Zapewne masz w pamięci artykuł na blogu, podcast czy wideo, które odbiły się szerokim echem wśród odbiorców. To się po prostu pamięta! Masz to? Świetnie. Teraz uważnie przeczytaj, wysłuchaj lub obejrzyj materiał, który okazał się strzałem w dziesiątkę i do dzieła. To dobry moment na to, żebyś się zastanowił, jak jeszcze możesz wykorzystać potencjał contentu i sprawić, żeby znowu stał się najchętniej oglądaną, czytaną czy słuchaną treścią.
Wybrany content możesz w kilka chwil zamienić w atrakcyjną infografikę, którą podzielisz się w mediach społecznościowych, albo inaczej – rozwiń myśl zawartą w najchętniej klikanym newsletterze i zaplanuj e-book lub krótki poradnik dla klientów. Jeśli treść przypadła im do gustu wcześniej, być może teraz chętnie zapoznają się z jego kontynuacją, prawda? Najchętniej sharowane zdjęcie, które zrobiło furorę zamień w mema, a ulubiony wpis na blogu zaktualizuj o nowe dane, wzbogać o nieznane dotąd informacje lub opatrz ciekawymi grafikami ilustrującymi opisywane zagadnienie. Już rozumiesz?

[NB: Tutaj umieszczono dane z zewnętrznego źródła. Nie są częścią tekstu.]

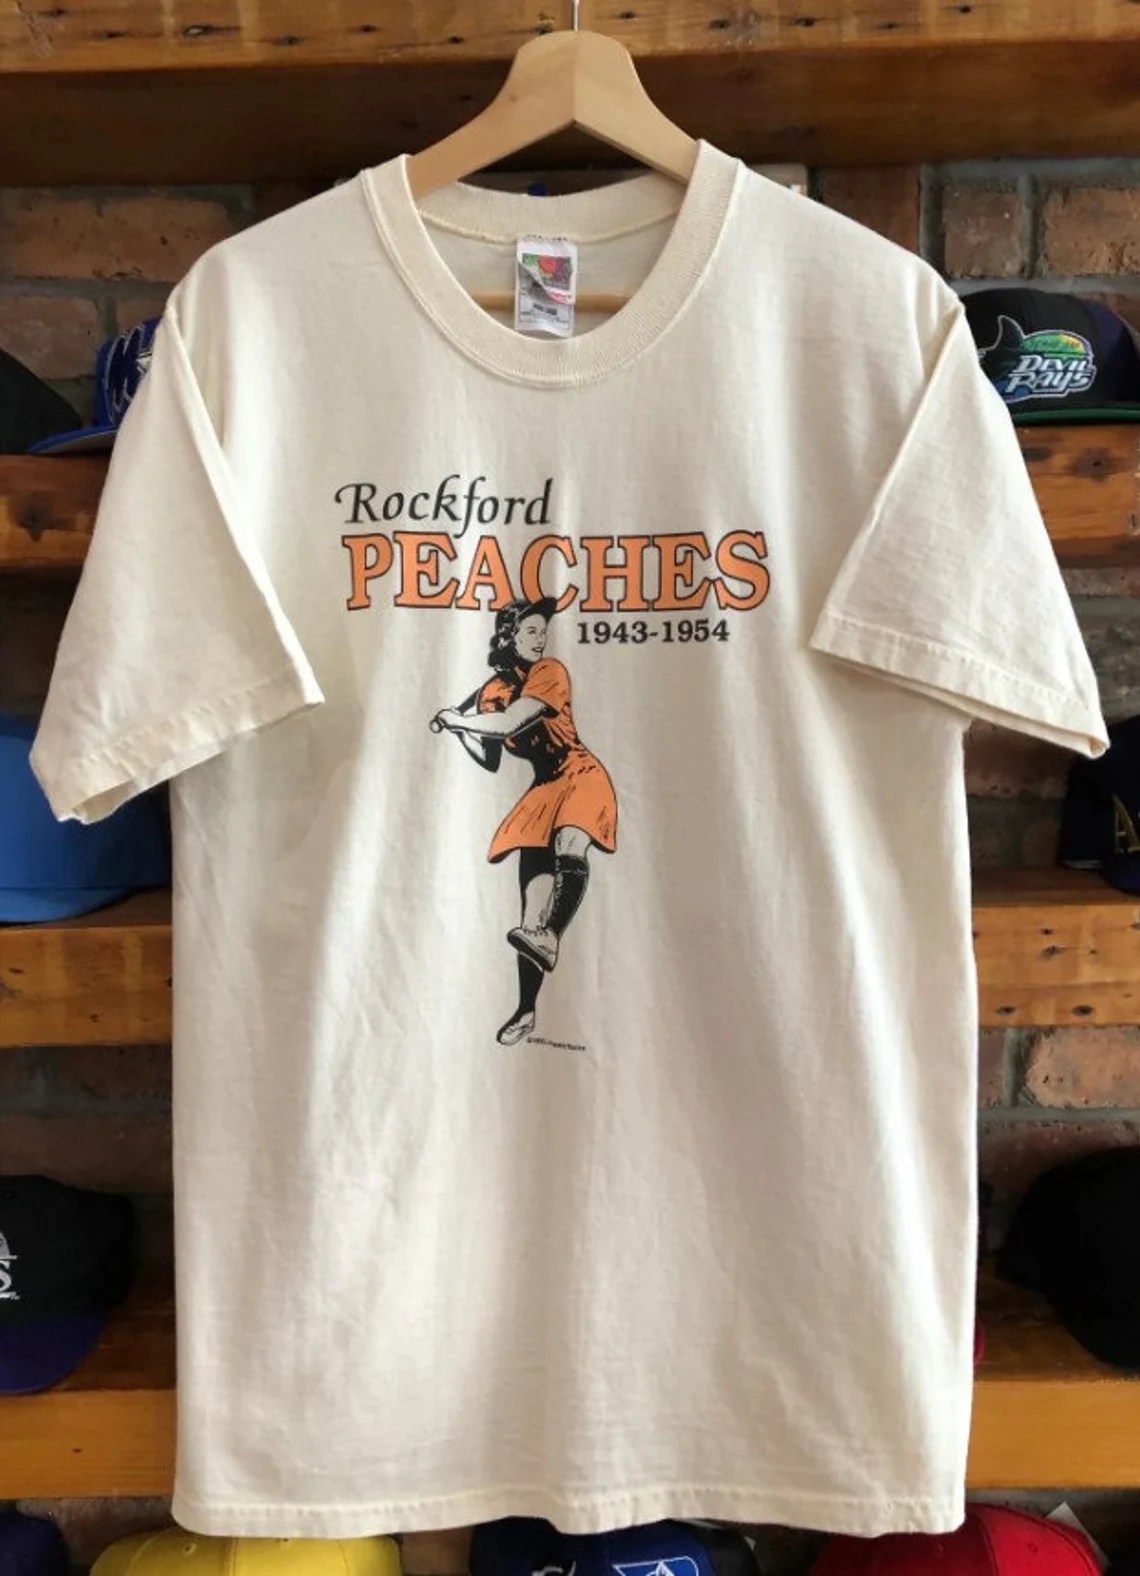 A Rockford Peaches t-shirt

Pst, przed przystąpieniem do misji z ponownym wykorzystaniem treści upewnij się, że wybrałeś content cieszący się popularnością – to zwiększy szansę na osiągnięcie dobrych zasięgów czy odnotowanie wysokiej liczby odsłon strony internetowej. Użyj do tego dobrze znanych narzędzi takich jak Google Analytics. Nie kieruj się też sentymentem i nie wybieraj contentu, który podobał się Tobie – jak wiesz, nie zawsze pokrywa się to z tym, jak dany tekst czy wideo oceniali użytkownicy.
Drugie życie contentu
Malkontenci (już my Was znamy!) kiwną głową i powiedzą zapewne, że recykling treści to marne narzędzie dla leniwych, którzy nie mają głowy do tworzenia nowego contentu. Spieszymy donieść, że wcale tak nie jest!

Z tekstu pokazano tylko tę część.